The ghost thought for a while. She thought for several days in ghost-time, while the sun rose and fell and the wolf-moon set and climbed, and climbed out of itself only to set again. In that time, more ghosts came in and took weapons from Vengeance Services. Some of them even told her their stories: they had all been hurt, by bosses and lovers, by lovers who acted like bosses and bosses who acted like lovers. They had been hurt, and they needed help. Sasha came through, and Sasha’s mother, and others just like them. They would keep on coming through.

Finally, the ghost left Vengeance Services. She thanked the receptionist over and over, until the woman threw a stapler, which they both knew couldn’t hurt her. The ghost floated over to her old haunts, the anxious corner behind the service door where they’d smoked on their too-short breaks. She waited there, with her club, until Mark came through.


The Story of the Prison

Aurora was making it up, obviously.

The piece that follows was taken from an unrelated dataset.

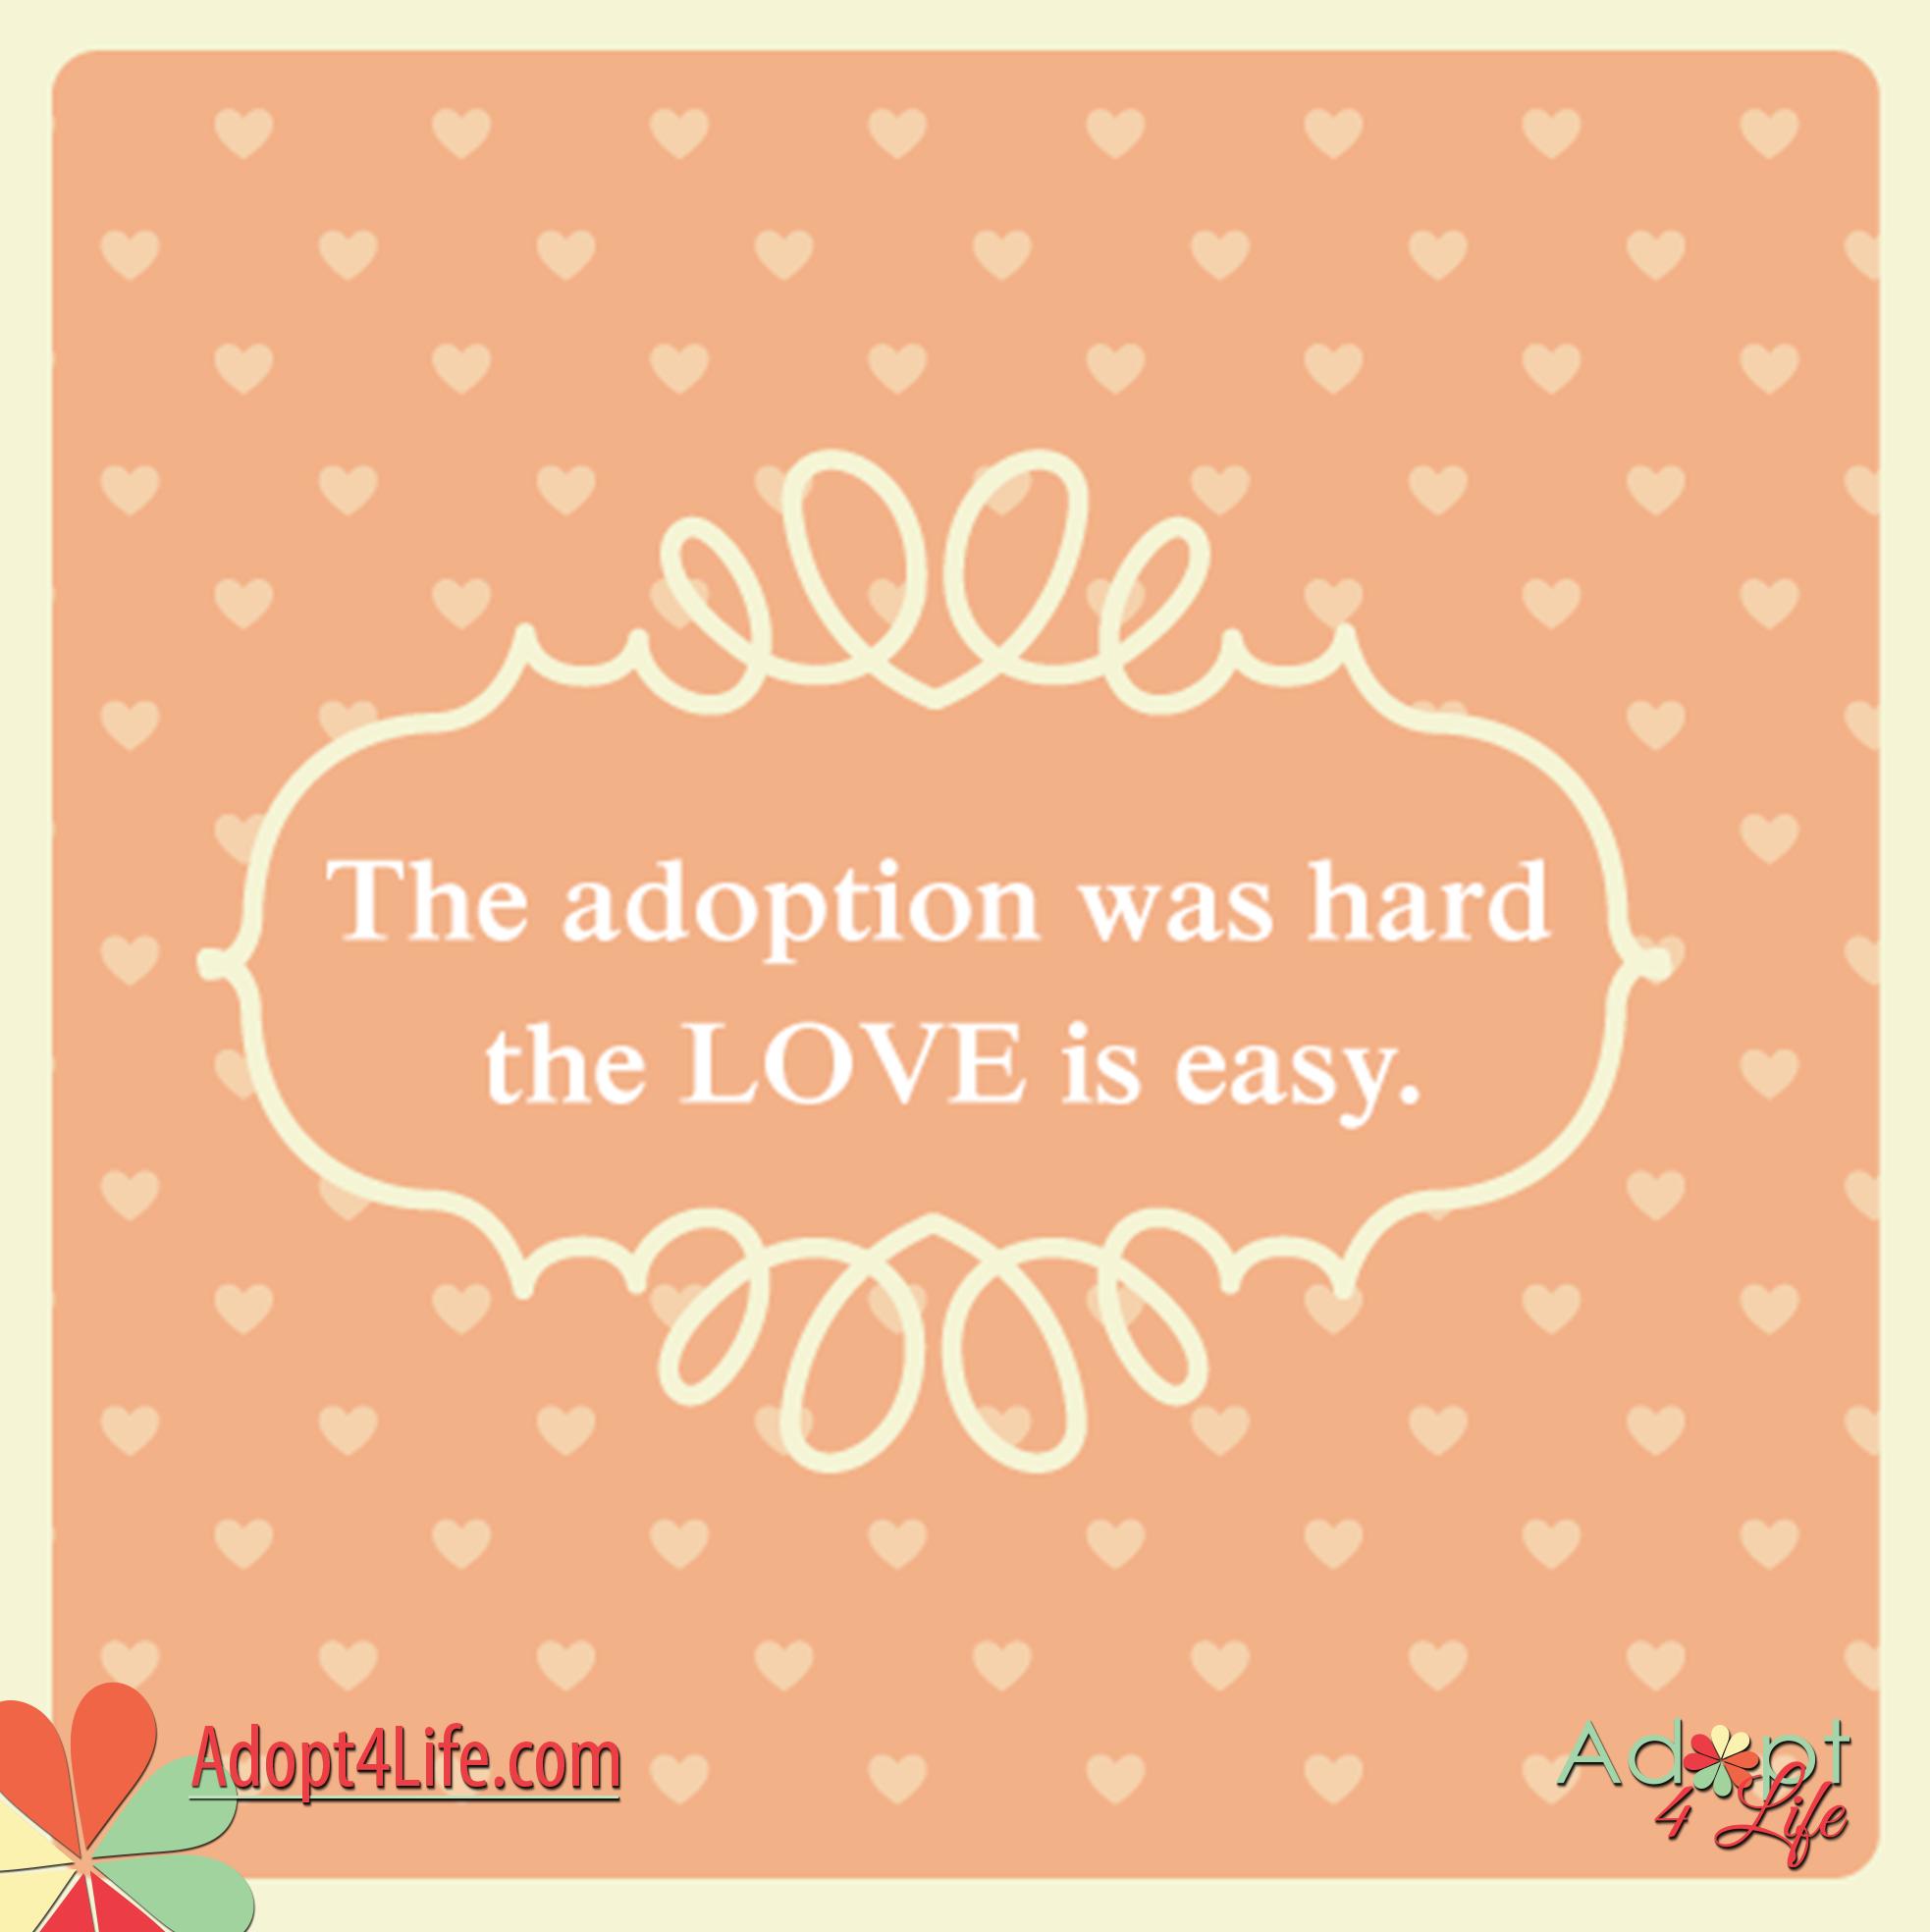 FacebookAdoptionQuotes_Adoption_011_png_Dec2014.png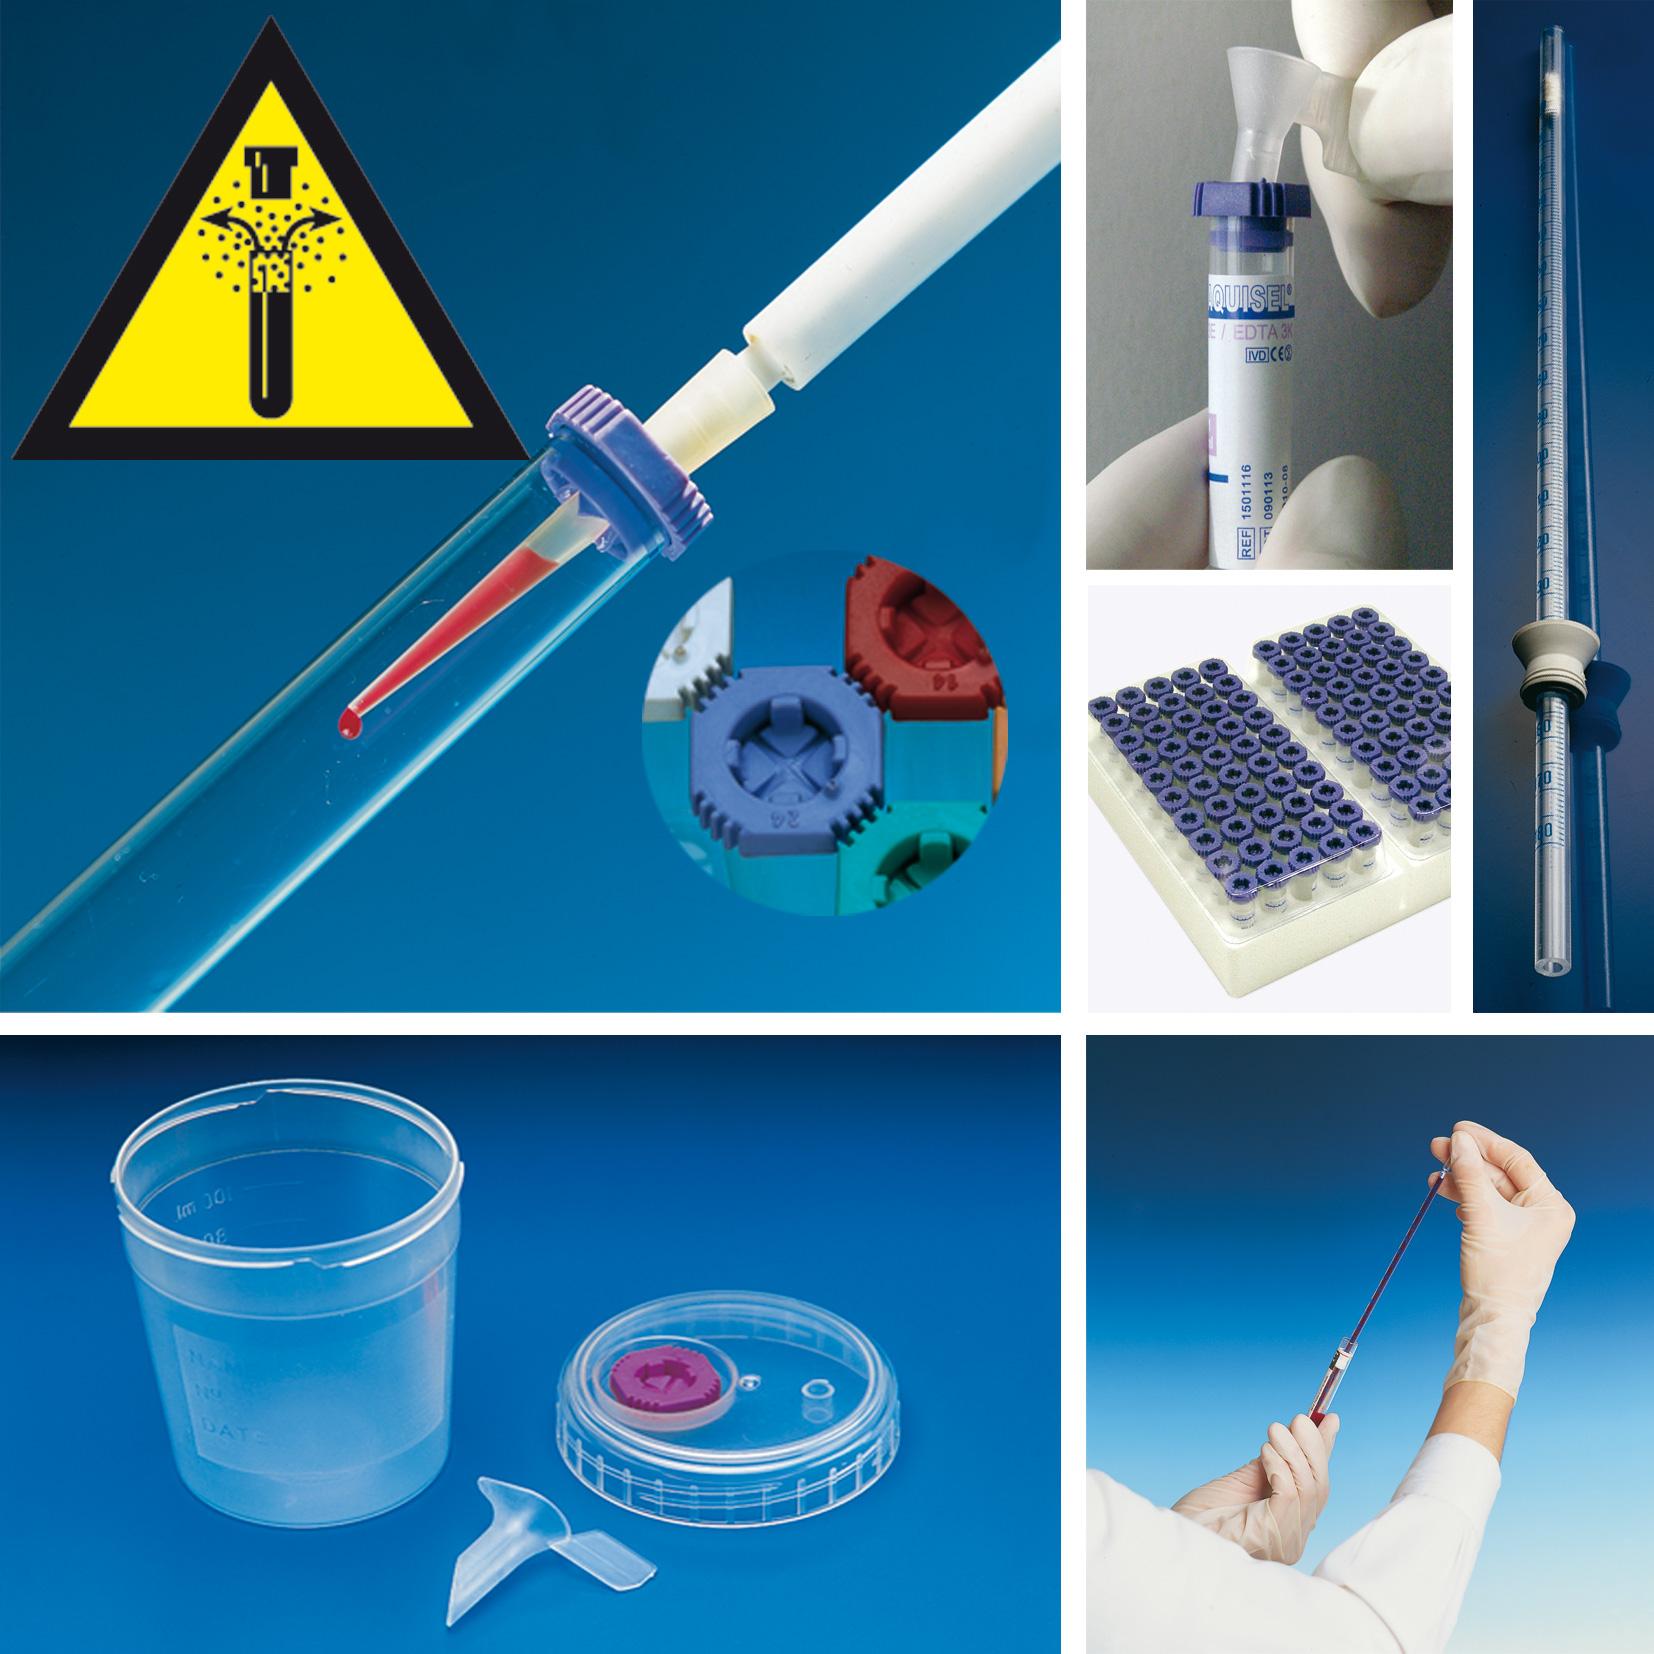 Aquisel, single-use IVD products.

I told her so. “Not a chance.”

“It’s true,” she said. “They took people and they put them in these rooms, and they said, you can’t ever leave.”

“That’s stupid,” said Nadir. “How could they stop you? My mom says if you’re not happy with any place you’re in, you can always walk away.”

“You can walk away now,” insisted Kat. “You didn’t used to.”

The place didn’t make any sense. It made even less sense as we passed through long hallways crazy with dust, where vines and ferns had shoved the bars apart. How could they keep people here, even when the walls and bars had been upright? How could they keep anybody still in one place, like keeping a frog in a pond and saying “sorry, frog, you’ve got to stay in your pond, because I said so and the other frogs too, we’re all agreed on this one, and nothing can make us change our minds?”

I was thinking about frogs because I knew Jase had brought frogs. They were always in his pockets. Two floors up, a big green bullfrog skipped out of his shirt and disappeared into the ruin of these empty, rain-sick rooms. The wind walked in and out, through the holes in the walls. It sounded a lot like crying.